When the OS loads the process into a new virtual memory space, it will place the program beginning at image base address as found in the pe optional header above (or maybe not due to ALSR but we can ignore that.) The sections are laid out as per virt-address. The ptr-raw is the location the section appears at in the physical file.

That’s all very nice but we need to know where the CLI metadata exists in the physical file so we can parse it. We have enough information to work it out, though. Given an rva we need to first find which section it is in by comparing it in order to the location and size of each virtual section. If we then subtract the section’s virtual address from the rva we will be left with an offset that we can apply to the physical location of the section.

1
2
3
4
(define (calc-file-pos rva)
  (for/first ([header section-headers]
              #:when (< rva (+ (to-int (hash-ref header 'virt-address)) (to-int (hash-ref header 'virt-size)))))
    (+ (to-int (hash-ref header 'ptr-raw)) (- rva (to-int (hash-ref header 'virt-address))))))
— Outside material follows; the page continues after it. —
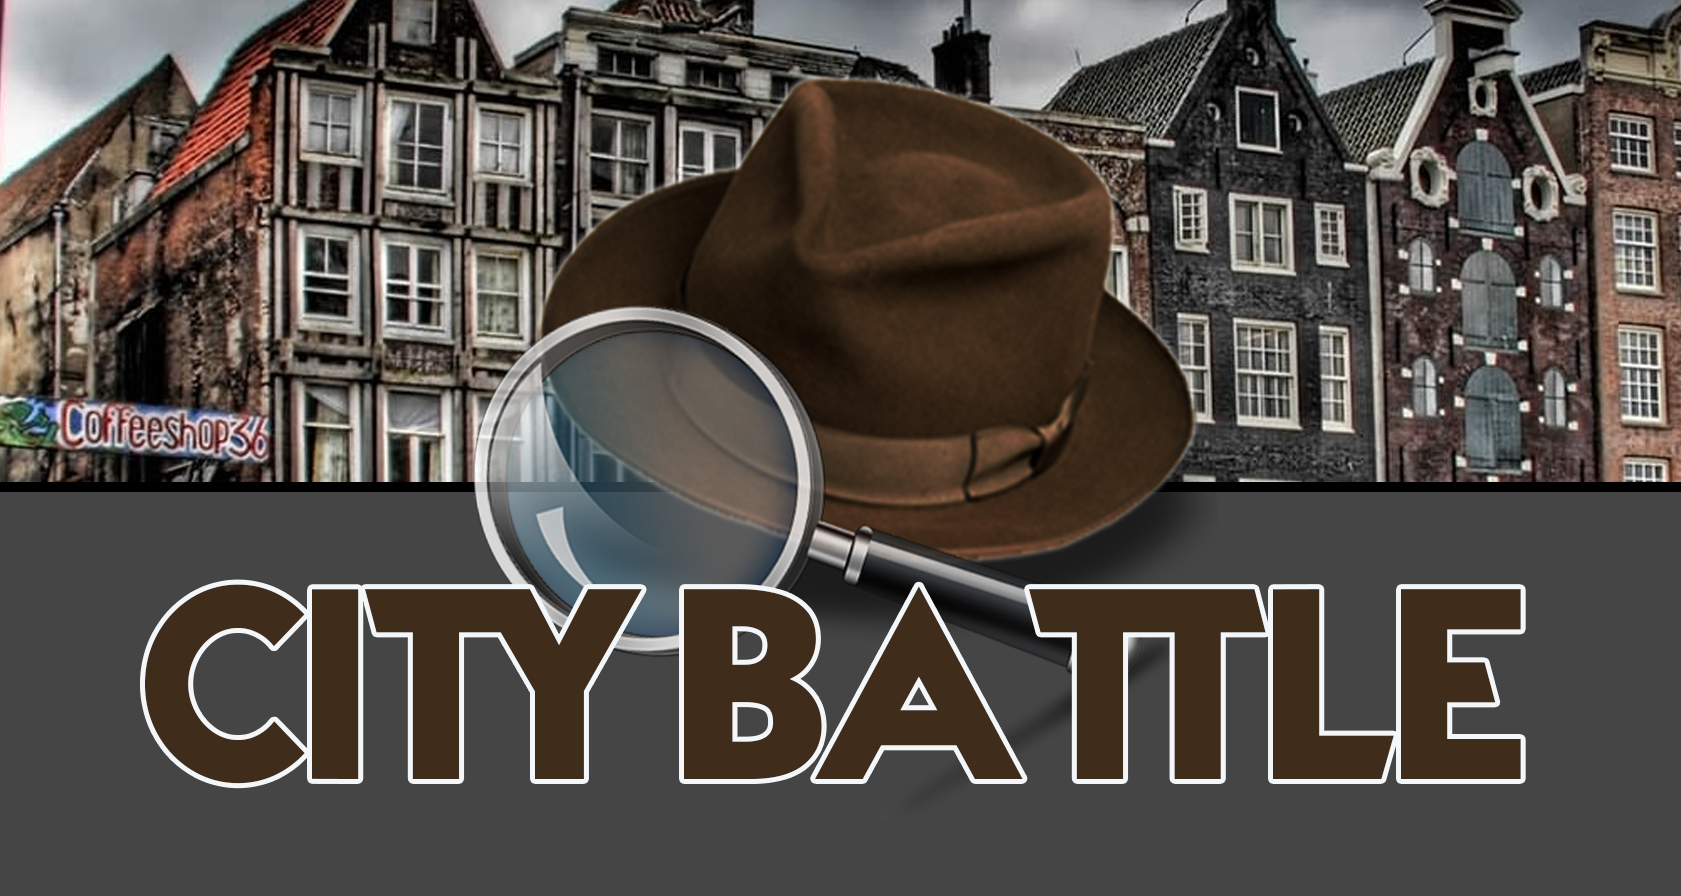 Personeelsuitje Middelburg: De Ultieme City Battle
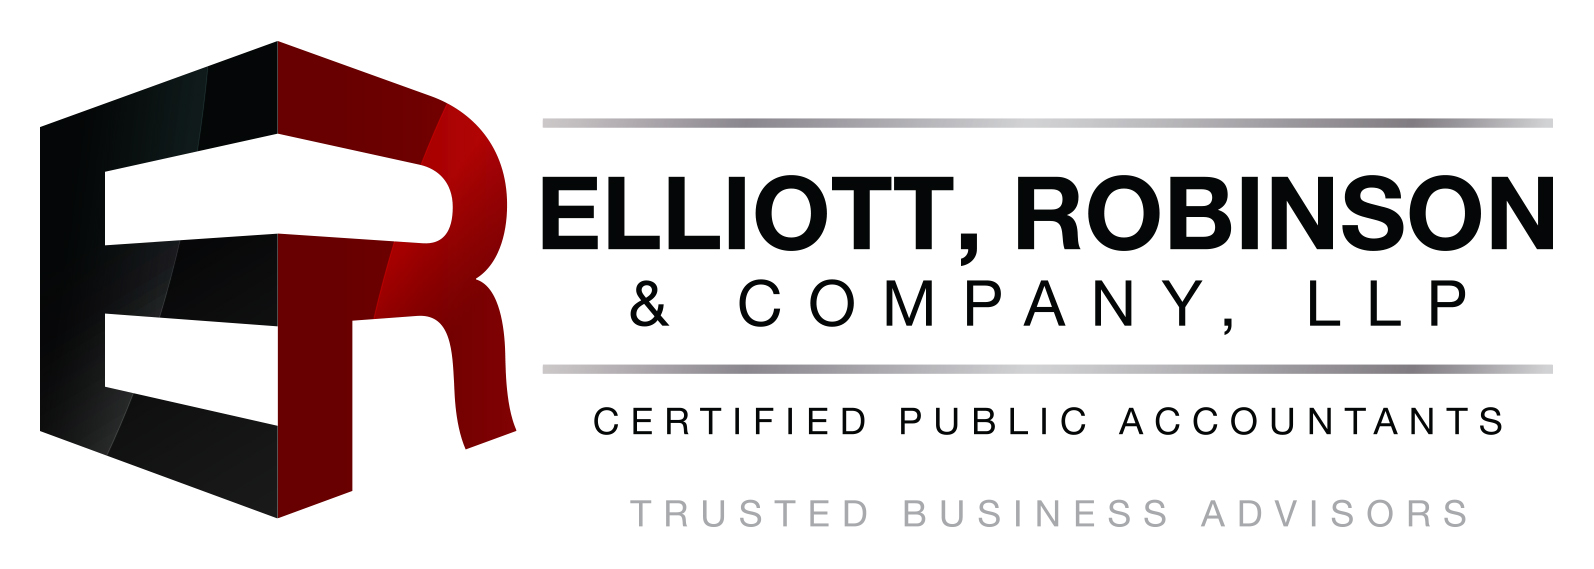 Elliott, Robinson & Company, LLP Logo - Linear - Burgandy

We’ll be passing this function around as it used quite a bit.

CLI

We finally made it to the CLI header. Rejoice! Naturally, we’ll parse it with another spec

 1
 2
 3
 4
 5
 6
 7
 8
 9
10
11
12
13
14
15
16
17
18
19
20
21
22
23
(define cli-header-spec
  '(
    (size 4)
    (major 2)
    (minor 2)
    (metadata-rva 4)
    (metadata-size 4)
    (flags 4)
    (entry-token 4)
    (res-rva 4)
    (res-size 4)
    (strong-sig 8)
    (codeman 8)
    (vtable-fix 8)
    (export-jumps 8)
    (managed-header 8)
    ))

(define cli-header
  (begin
    ; jump in stream
    (file-position port (calc-file-pos (to-int (hash-ref (hash-ref pe-headers 'pe-opt) 'cli-header-table-rva))))
    (read-spec cli-header-spec port)))

Most of this stuff we don’t care about, but there are some tasty looking morsels in metadata-rva and metadata-size. This is the metadata root which is an important location that a bunch of forthcoming data are offset from.

1
(define md-root (calc-file-pos (to-int (hash-ref cli-header 'metadata-rva))))   

And here is where we say goodbye to our old friend read-spec. The way ahead is fraught with great peril which it is ill-equipped to deal with. We’ll leave the expedition on that cliffhanger, you’ll have to wait until the exciting next episode of adventures into the CLI metadata jungle.

I know what you’re thinking - what’s all this about volcanos? The answer is Rangitoto my friendly neighbourhood volcano. Because what do you name things?